EXERCISE BRIEF: Omit the pictures and reproduce the rest of the listing exactly.
━━ SUPPLIED MATERIAL ━━
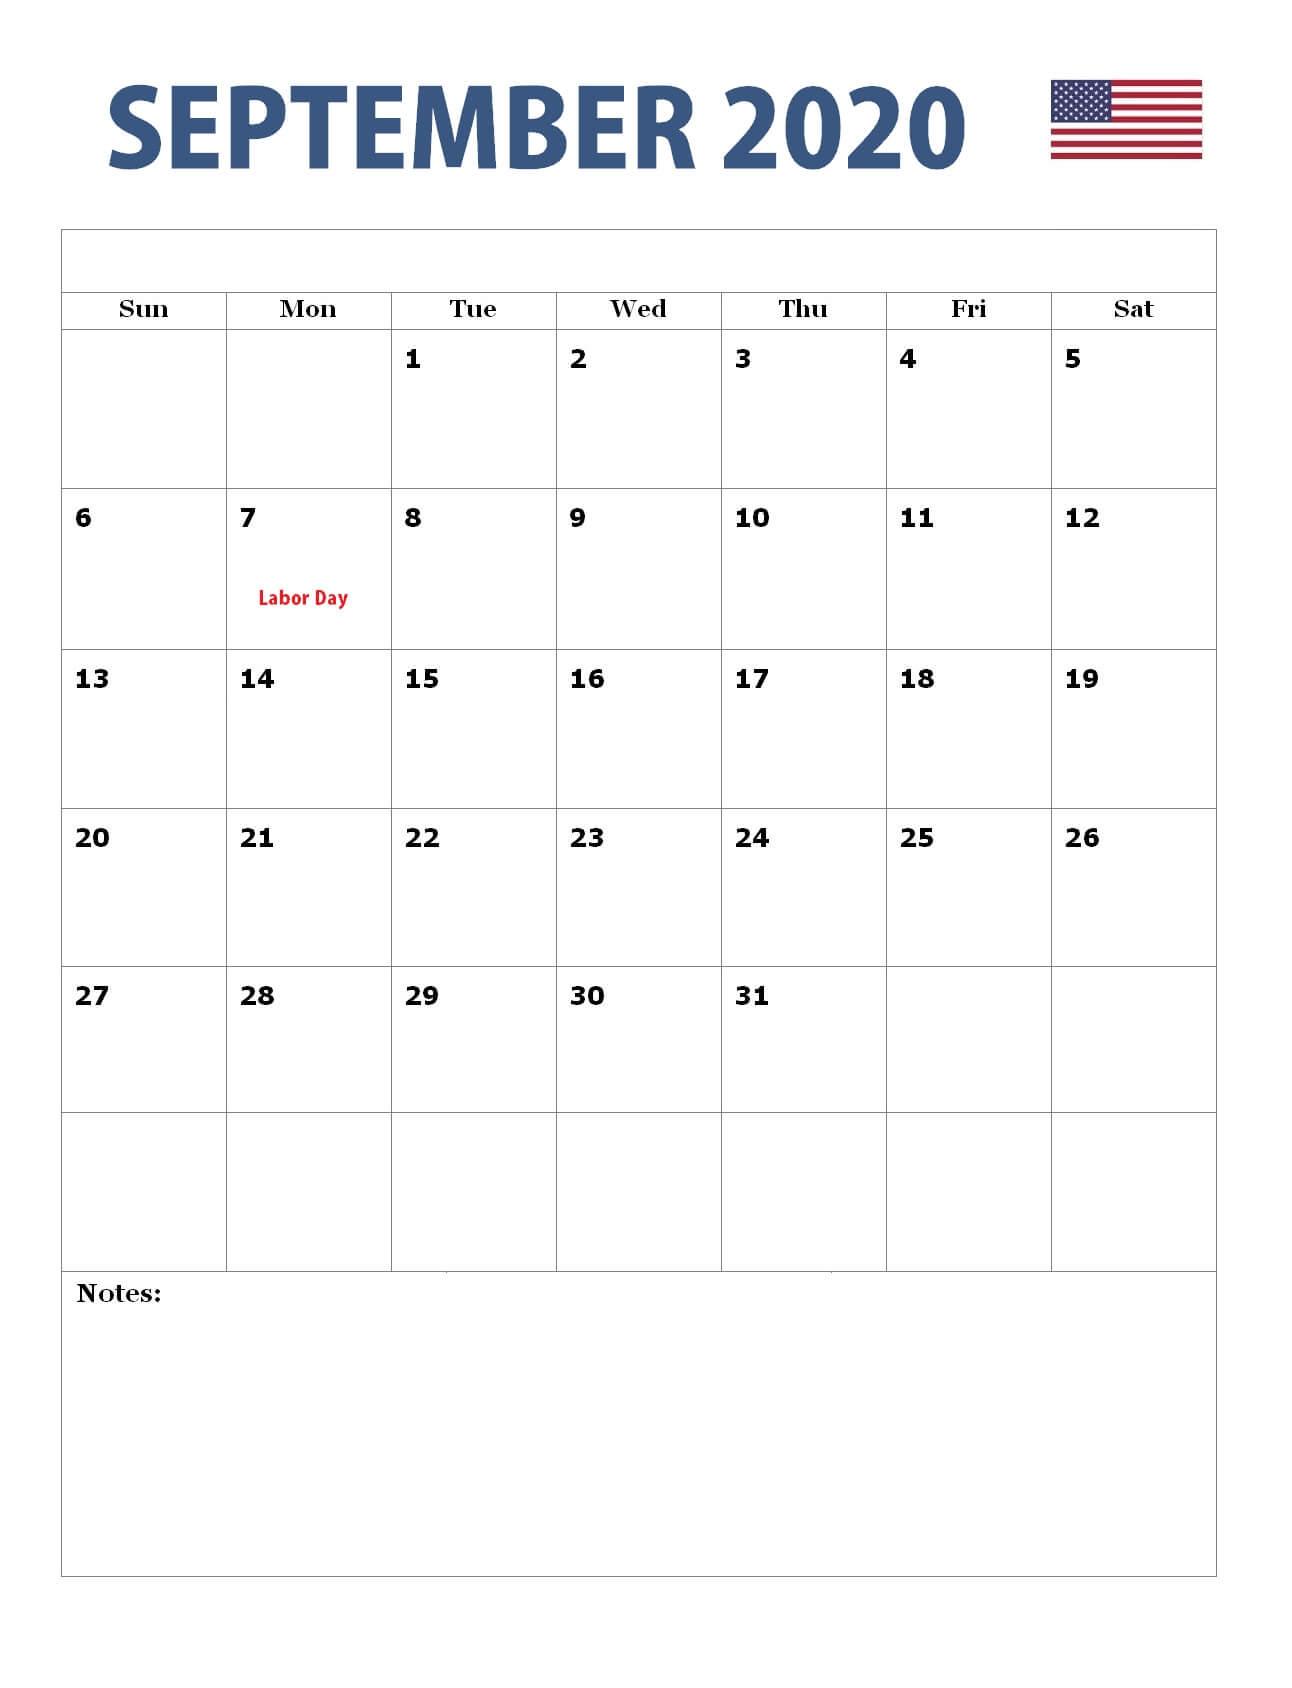 September 2020 USA Holidays Calendar
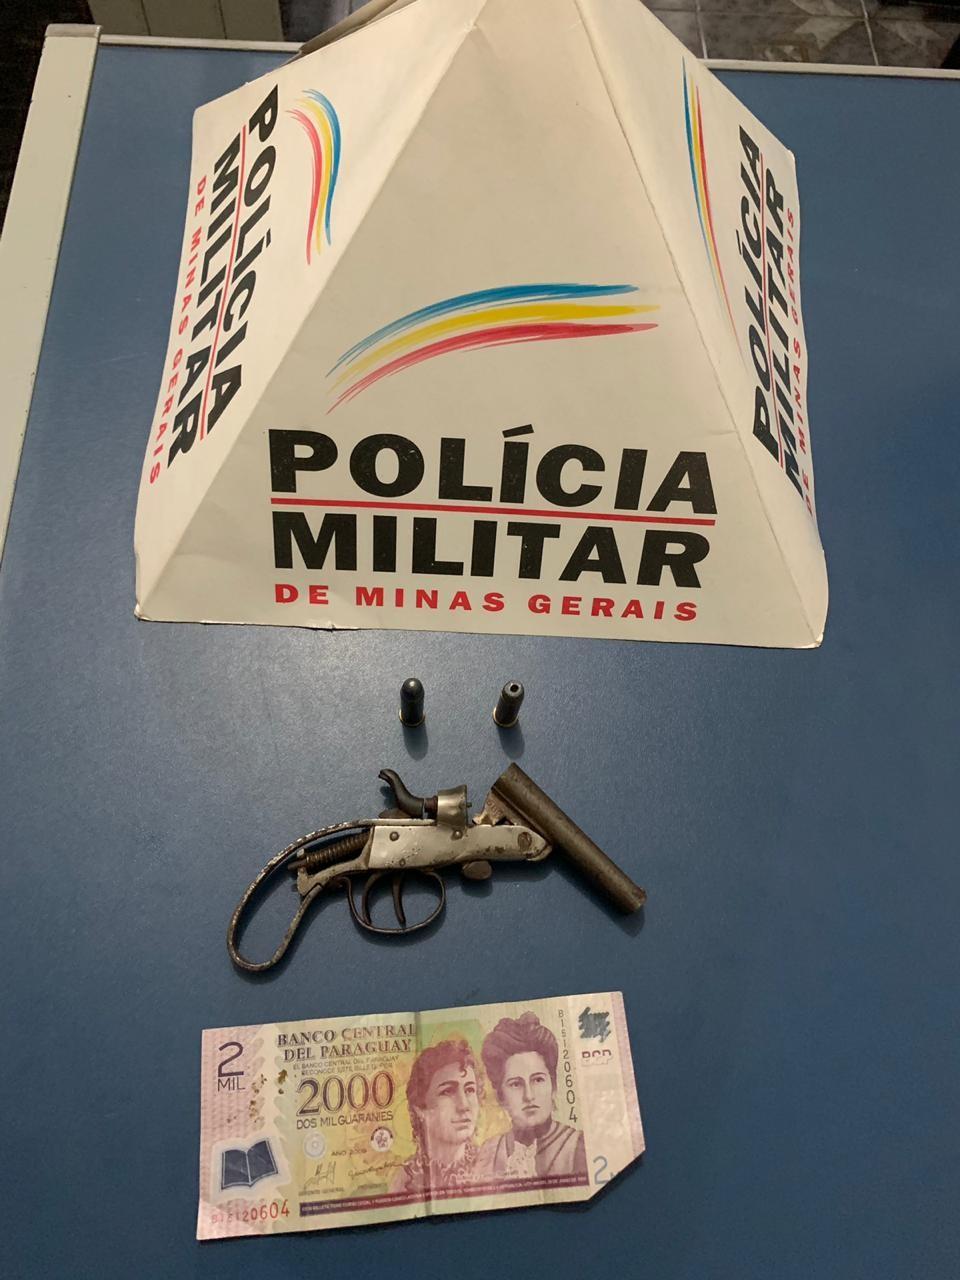 Arma e dinheiro paraguaio são apreendidos após denúncia em Igaratinga - Notícias - Plantão Diário
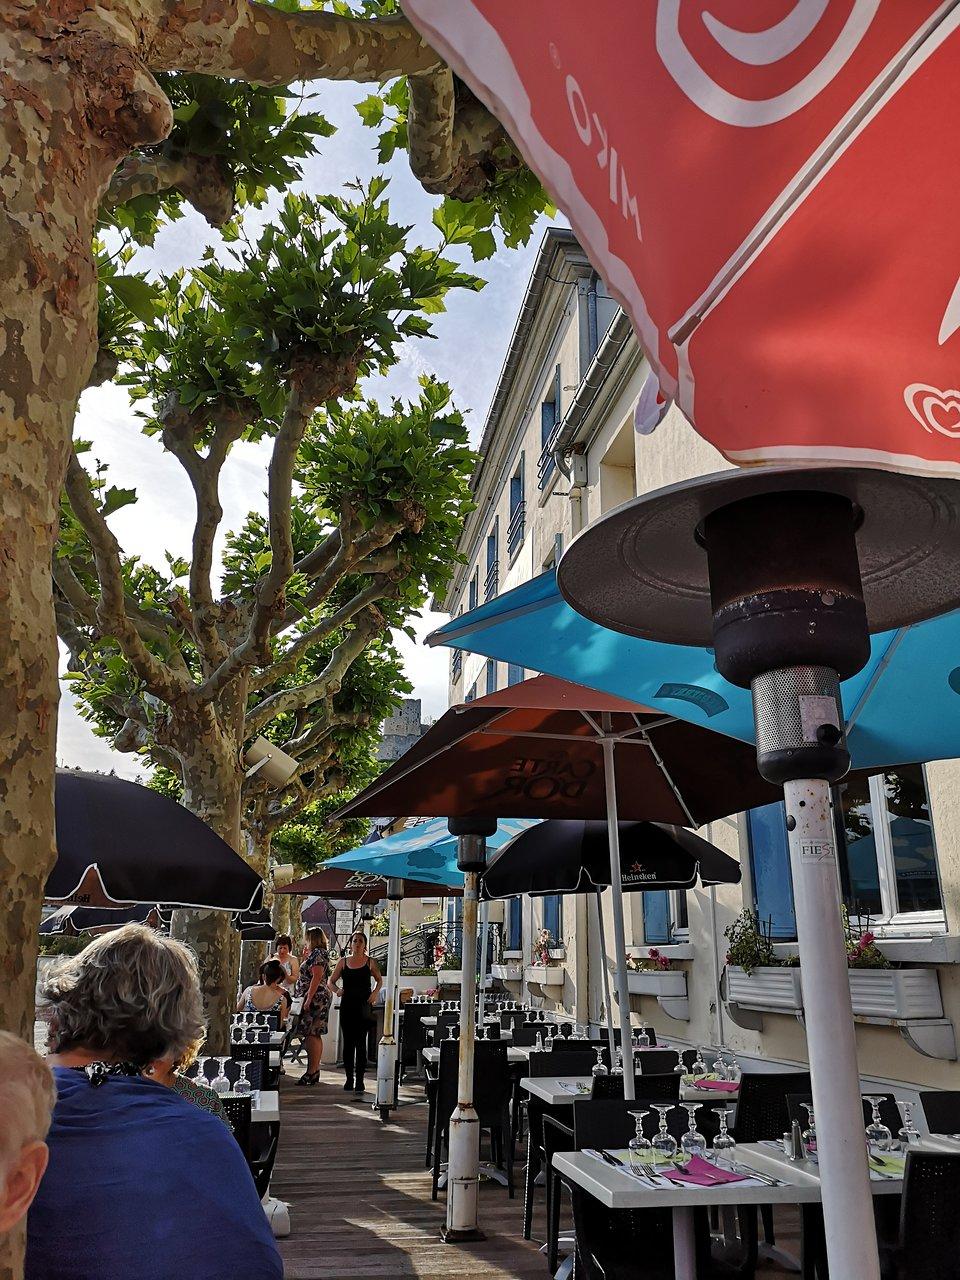 Mezy Sur Seine Avis les bords de seine hotel-restaurant (la roche-guyon
━━━
ANSWER FOR THE TASK:
 September 2020 USA Holidays Calendar
 Arma e dinheiro paraguaio são apreendidos após denúncia em Igaratinga - Notícias - Plantão Diário
 Mezy Sur Seine Avis les bords de seine hotel-restaurant (la roche-guyon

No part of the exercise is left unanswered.